Most believers of divinity have strong faiths in religious authority, i.e., they believe by conviction in religious doctrines rather than proof. Religion still remains an authority for most to understand matters of the spirit, although scientific materialists who consider that the human mind, soul, and consciousness can all be reduced to mechanisms are creeping into this space by examining consciousness and spiritual experiences from psychological and neurological perspectives.

Sweet spot of religious faith and scientific materialists / CC-BY-NC-ND 4.0

Can I know something that I can’t conceive?

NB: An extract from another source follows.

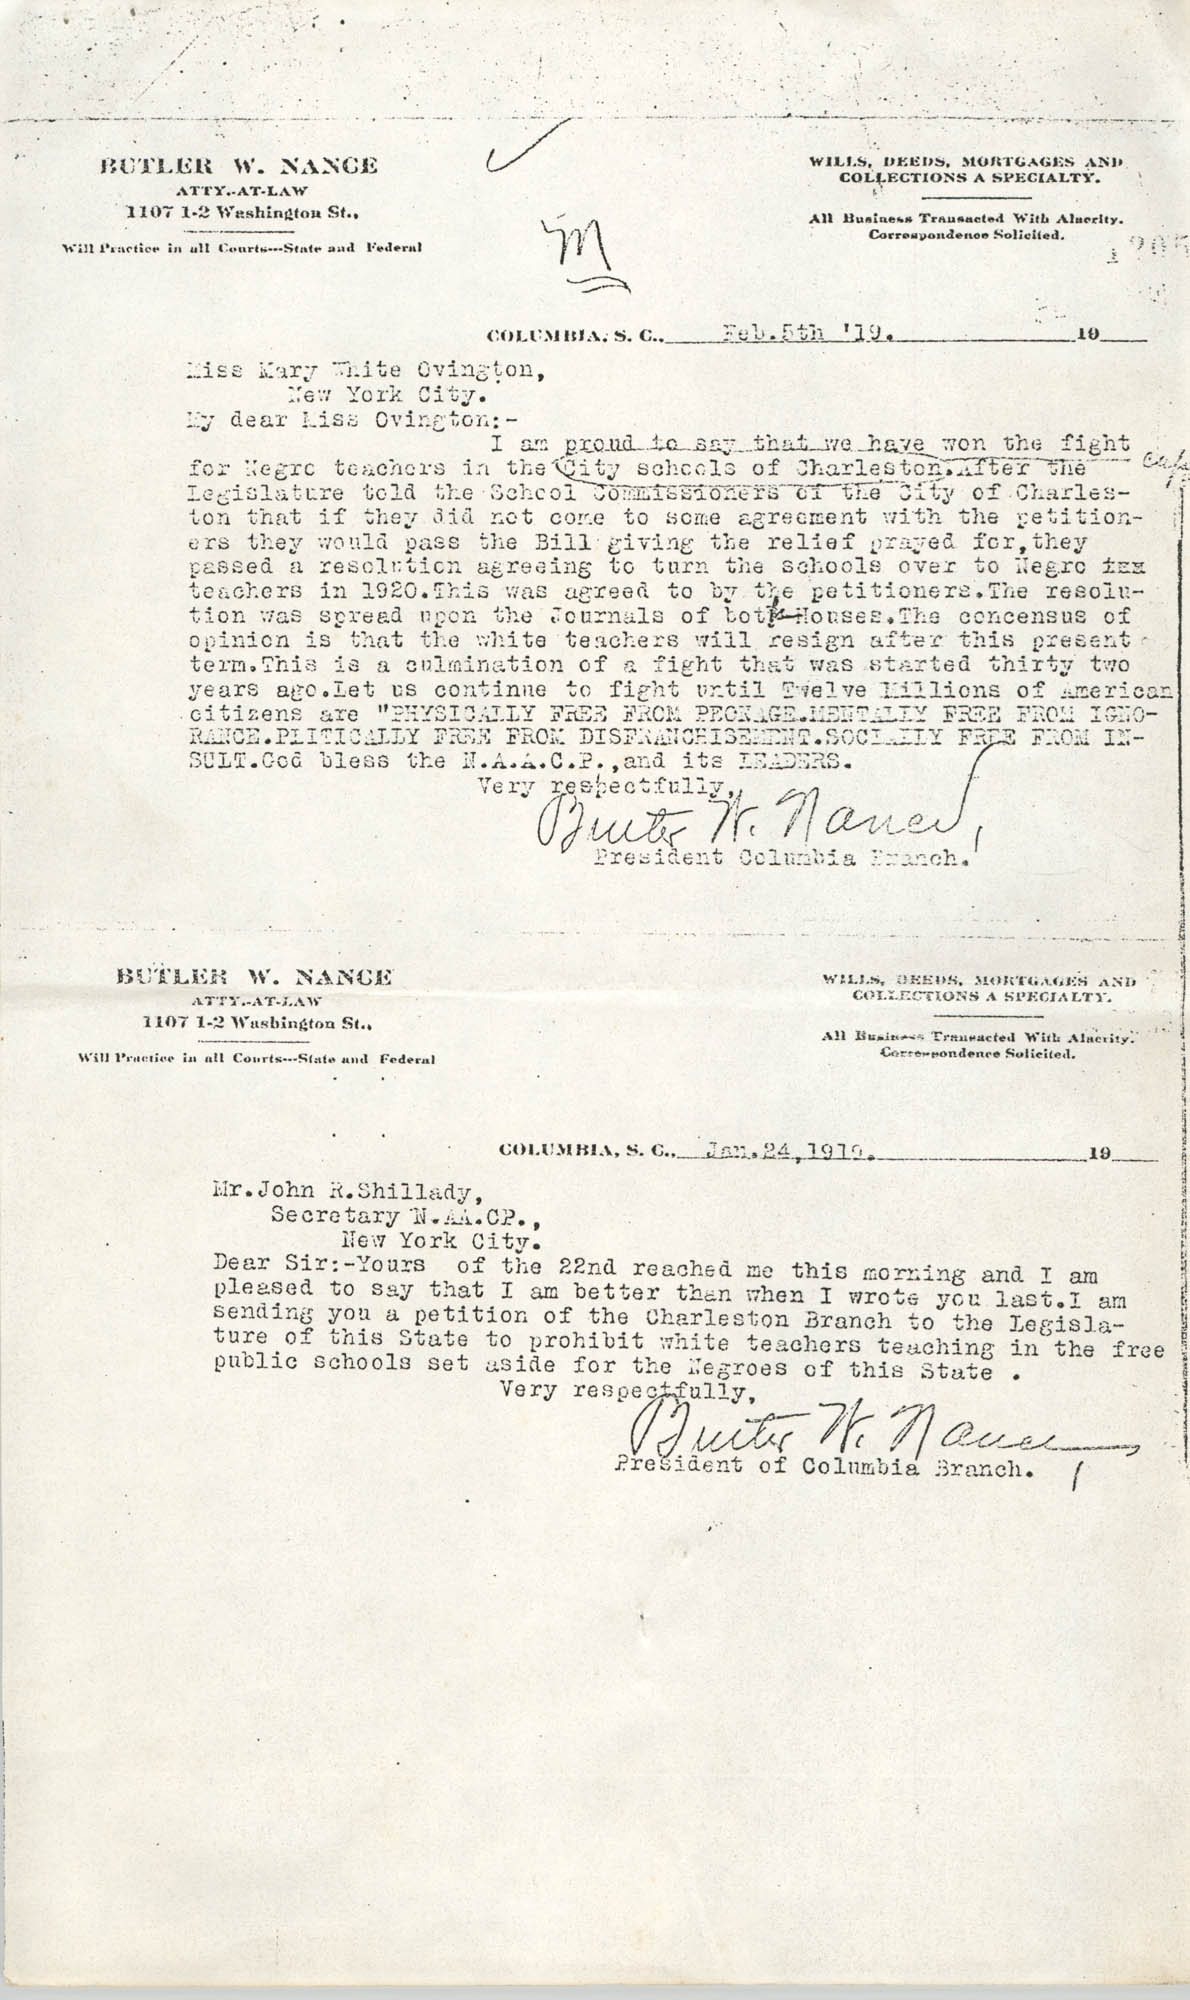 Butler W. Nance Correspondence, 1919

For a spiritual experience to be reasoned, we need a valid way to reason the non-conceptual, that is to think about what we cannot think about — or to think about how to think about what we cannot think about — an incomplete domain of knowledge. Knowing what we can’t conceive has remained outside the realm of rational methods because these methods rely on concepts that can be reasoned. But can’t conceive is not the same as can’t cognize. There are some ways of knowing that can cognize the non-conceptual described in Eastern and Western philosophies.

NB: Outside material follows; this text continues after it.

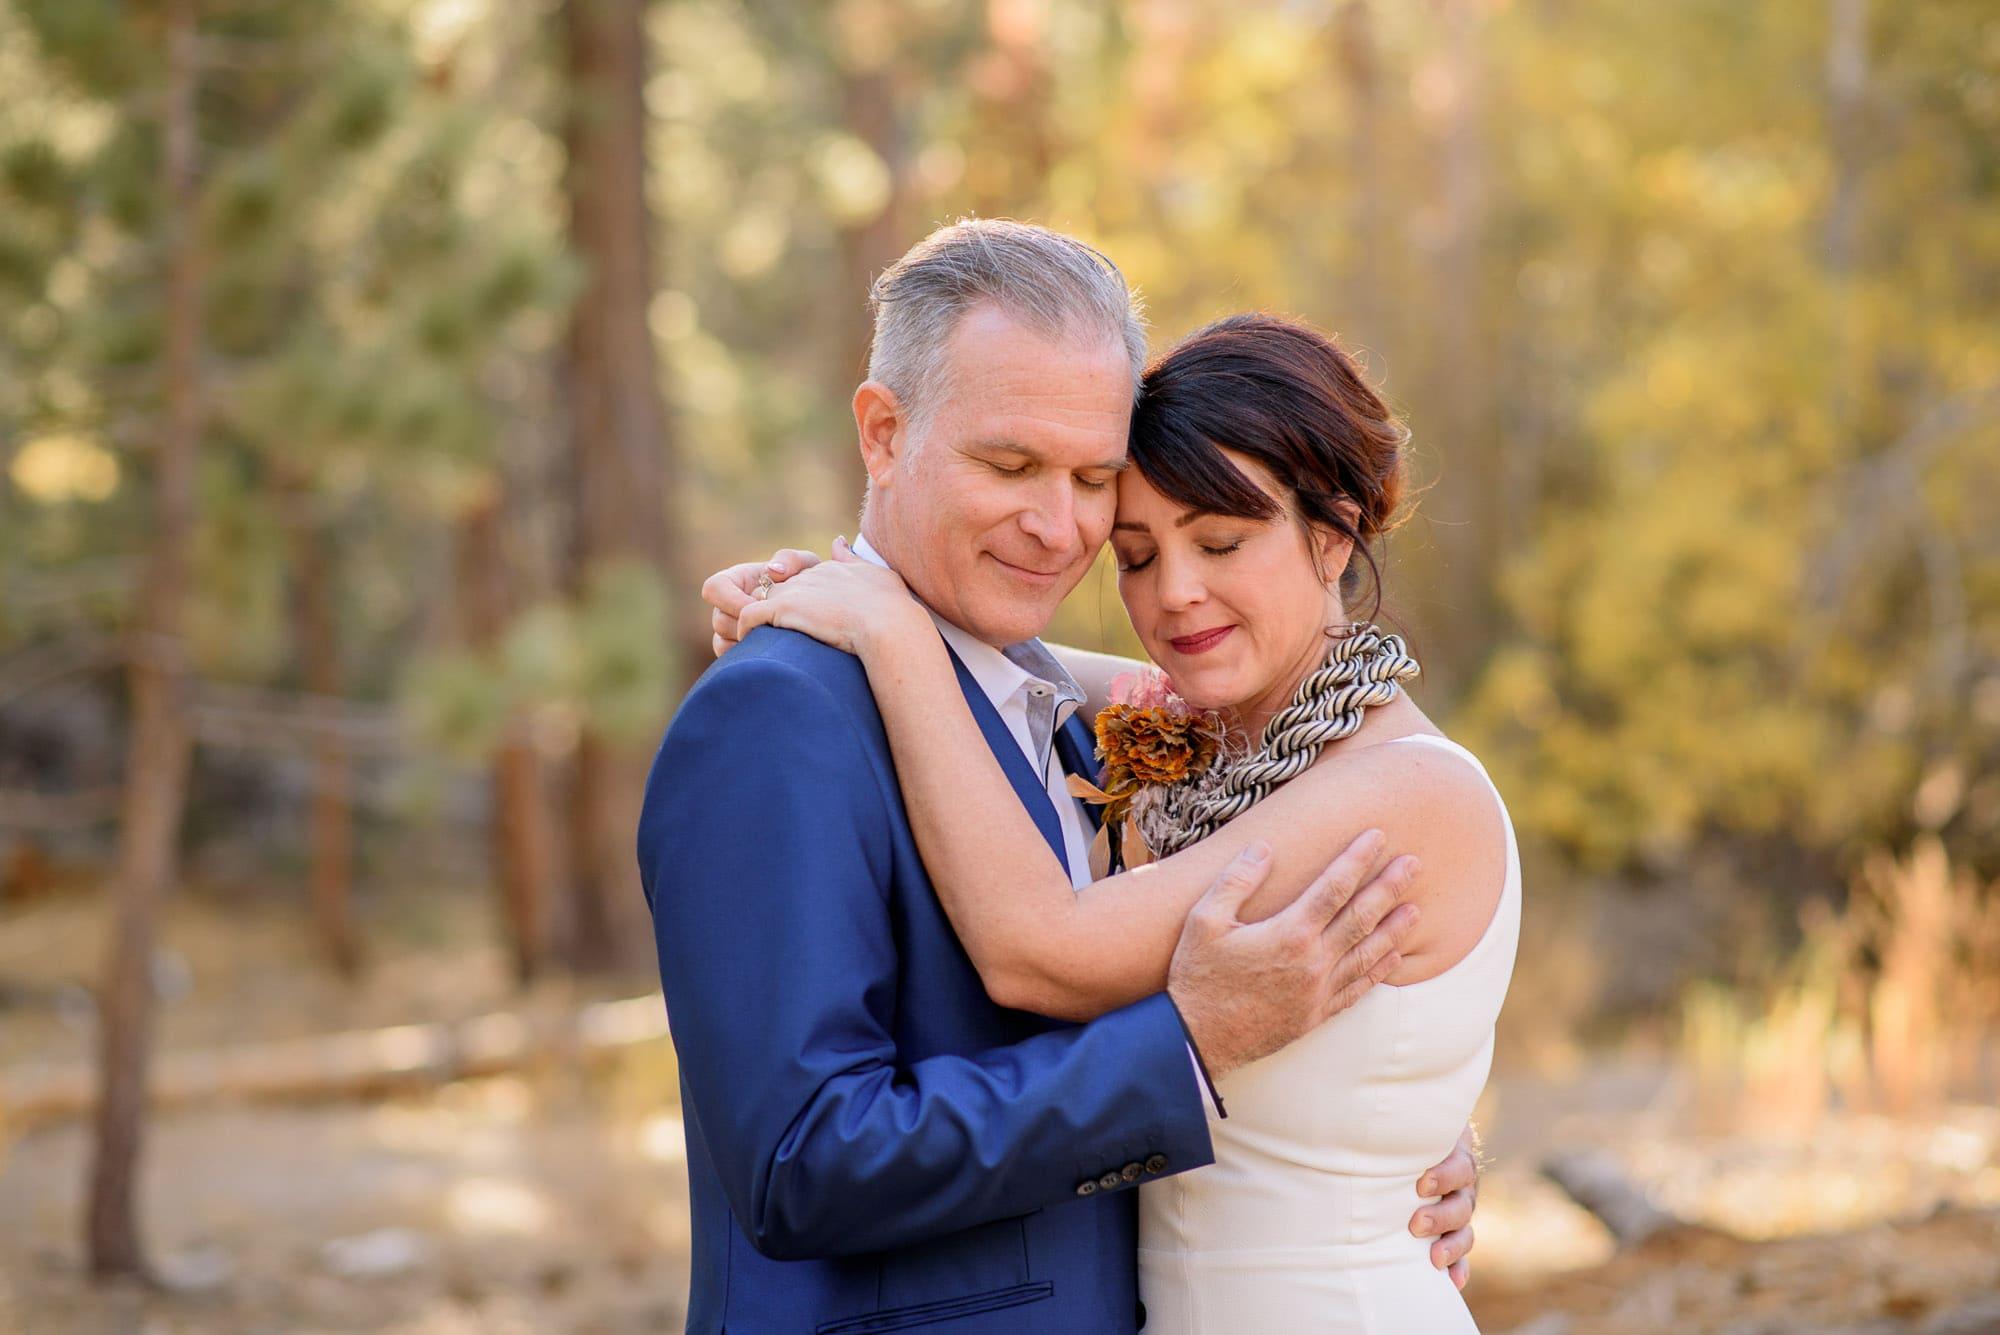 028_Alan_and_Heidi_Palm_Springs_Tram_Wedding

Intuition as a way of knowing

Intuition is the ability to know something instinctively, without the need for conscious reasoning — knowing that but not how. Inherited intuition or ‘genetic memory’ is a large topic of research today. It’s the kind of memory that is inherited genetically, for example, newly hatched sea turtles on a beach that automatically move toward the ocean.

In the East, intuition is mostly intertwined with religion and spirituality. In advaita vedanta (a school of thought) intuition is an experience through which one can come in contact with and experience Brahman, andin Buddhism intuition is expressed as seeds of consciousness manifesting if and when the conditions are ripe. Plato’s anamnesis also alluded to the idea that humans possess innate knowledge and that intuition is just rediscovery of that knowledge.

Sometimes intuition is just learned knowledge that later seems intuitive when applied in complex situations. But mostly intuition remains in the realm of experience and cannot be reasoned or understood.

Non-conceptual cognition as a way of knowing

The Buddhist philosophical system on the nature of reality follows the doctrine of dependent origination, where all phenomena arise in dependence on other phenomena. That is, no primal mover can be acknowledged or discerned. The Buddhist proposition is that you can gain cognition of this avidness through developing non-conceptual cognition that is fresh, accurate, and decisive. The concept of whether or not the cognition is fresh (i.e., the proposition is not corrupted by mental imputations), accurate (there are only true examples and no false examples of the proposition), and decisive (you are not wavering and are decisive about the proposition) can be reasoned.

Valid non-conceptual cognition / CC-BY-NC-ND 4.0

This process is hard work, takes years of training, and is currently a hot topic of research as it suits both Western and Eastern sensibilities of what is knowing.

Why do I need to know?

Several transpersonal psychologists, psychologists studying the transpersonal, self-transcendent or spiritual aspects of human experience, have proposed models in which spiritual experiences are part of a process of transformation of the self. Carl Jung believed that our main task in life is to discover and fulfil deep innate potential, and the journey of transformation is at the heart of all religions.

It is a journey to meet the self and at the same time to meet the Divine. — Carl Jung

Maslow (1971) and Rosenberg (2003) both put transcendence and spiritual communion as basic human needs.